Dataset excerpts:
=== Begin Enclosure ===

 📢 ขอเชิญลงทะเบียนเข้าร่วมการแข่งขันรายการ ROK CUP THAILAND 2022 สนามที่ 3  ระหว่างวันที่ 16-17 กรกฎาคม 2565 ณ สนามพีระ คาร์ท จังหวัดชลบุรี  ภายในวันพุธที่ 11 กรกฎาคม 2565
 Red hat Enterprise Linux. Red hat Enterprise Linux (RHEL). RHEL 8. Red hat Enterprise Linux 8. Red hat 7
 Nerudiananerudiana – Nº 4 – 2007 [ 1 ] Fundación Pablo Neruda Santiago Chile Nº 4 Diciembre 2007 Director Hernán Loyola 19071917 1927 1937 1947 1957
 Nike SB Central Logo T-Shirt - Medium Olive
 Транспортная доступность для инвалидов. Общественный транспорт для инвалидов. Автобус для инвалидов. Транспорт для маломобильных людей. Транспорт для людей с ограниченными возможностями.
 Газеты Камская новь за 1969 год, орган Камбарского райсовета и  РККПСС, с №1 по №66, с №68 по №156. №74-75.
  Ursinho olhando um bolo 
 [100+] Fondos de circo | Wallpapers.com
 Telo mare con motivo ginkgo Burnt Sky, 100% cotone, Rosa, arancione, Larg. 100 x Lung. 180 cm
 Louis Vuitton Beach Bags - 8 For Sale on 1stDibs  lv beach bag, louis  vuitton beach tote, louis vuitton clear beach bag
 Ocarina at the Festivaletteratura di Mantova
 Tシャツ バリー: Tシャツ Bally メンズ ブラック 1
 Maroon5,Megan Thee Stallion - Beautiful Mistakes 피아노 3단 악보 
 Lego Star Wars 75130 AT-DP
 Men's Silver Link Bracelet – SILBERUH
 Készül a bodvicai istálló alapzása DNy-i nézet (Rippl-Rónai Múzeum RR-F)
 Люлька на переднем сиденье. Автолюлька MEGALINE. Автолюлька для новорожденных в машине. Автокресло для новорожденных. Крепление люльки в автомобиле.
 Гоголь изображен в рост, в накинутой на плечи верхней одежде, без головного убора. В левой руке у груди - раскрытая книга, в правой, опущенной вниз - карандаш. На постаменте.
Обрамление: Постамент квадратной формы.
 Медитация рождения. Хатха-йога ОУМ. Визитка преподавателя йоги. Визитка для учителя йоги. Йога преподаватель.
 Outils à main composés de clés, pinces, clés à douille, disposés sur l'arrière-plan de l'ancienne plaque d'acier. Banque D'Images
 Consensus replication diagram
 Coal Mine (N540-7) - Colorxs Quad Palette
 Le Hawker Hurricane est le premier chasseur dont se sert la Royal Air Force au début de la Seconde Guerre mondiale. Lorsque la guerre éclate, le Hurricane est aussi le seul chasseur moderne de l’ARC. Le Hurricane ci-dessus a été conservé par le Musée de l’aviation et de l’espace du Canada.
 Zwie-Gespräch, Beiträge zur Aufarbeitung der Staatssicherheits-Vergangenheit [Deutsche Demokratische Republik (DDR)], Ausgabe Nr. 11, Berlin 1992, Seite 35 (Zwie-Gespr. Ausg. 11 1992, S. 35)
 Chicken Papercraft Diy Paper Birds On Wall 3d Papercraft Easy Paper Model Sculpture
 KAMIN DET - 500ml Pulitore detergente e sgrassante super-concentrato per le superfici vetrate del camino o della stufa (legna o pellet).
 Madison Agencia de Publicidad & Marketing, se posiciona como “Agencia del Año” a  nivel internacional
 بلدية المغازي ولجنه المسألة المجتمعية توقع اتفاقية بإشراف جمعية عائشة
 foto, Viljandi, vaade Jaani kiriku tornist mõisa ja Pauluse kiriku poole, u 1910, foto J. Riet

=== End Enclosure ===

▶ [Try it] Beginning with the line that has "Ursinho olhando um bolo" and ending with the line that has "Coal Mine (N540-7) - Colorxs Quad Palette", set down the lines above exactly and include no others.

▶ [Your response]
  Ursinho olhando um bolo 
 [100+] Fondos de circo | Wallpapers.com
 Telo mare con motivo ginkgo Burnt Sky, 100% cotone, Rosa, arancione, Larg. 100 x Lung. 180 cm
 Louis Vuitton Beach Bags - 8 For Sale on 1stDibs  lv beach bag, louis  vuitton beach tote, louis vuitton clear beach bag
 Ocarina at the Festivaletteratura di Mantova
 Tシャツ バリー: Tシャツ Bally メンズ ブラック 1
 Maroon5,Megan Thee Stallion - Beautiful Mistakes 피아노 3단 악보 
 Lego Star Wars 75130 AT-DP
 Men's Silver Link Bracelet – SILBERUH
 Készül a bodvicai istálló alapzása DNy-i nézet (Rippl-Rónai Múzeum RR-F)
 Люлька на переднем сиденье. Автолюлька MEGALINE. Автолюлька для новорожденных в машине. Автокресло для новорожденных. Крепление люльки в автомобиле.
 Гоголь изображен в рост, в накинутой на плечи верхней одежде, без головного убора. В левой руке у груди - раскрытая книга, в правой, опущенной вниз - карандаш. На постаменте.
Обрамление: Постамент квадратной формы.
 Медитация рождения. Хатха-йога ОУМ. Визитка преподавателя йоги. Визитка для учителя йоги. Йога преподаватель.
 Outils à main composés de clés, pinces, clés à douille, disposés sur l'arrière-plan de l'ancienne plaque d'acier. Banque D'Images
 Consensus replication diagram
 Coal Mine (N540-7) - Colorxs Quad Palette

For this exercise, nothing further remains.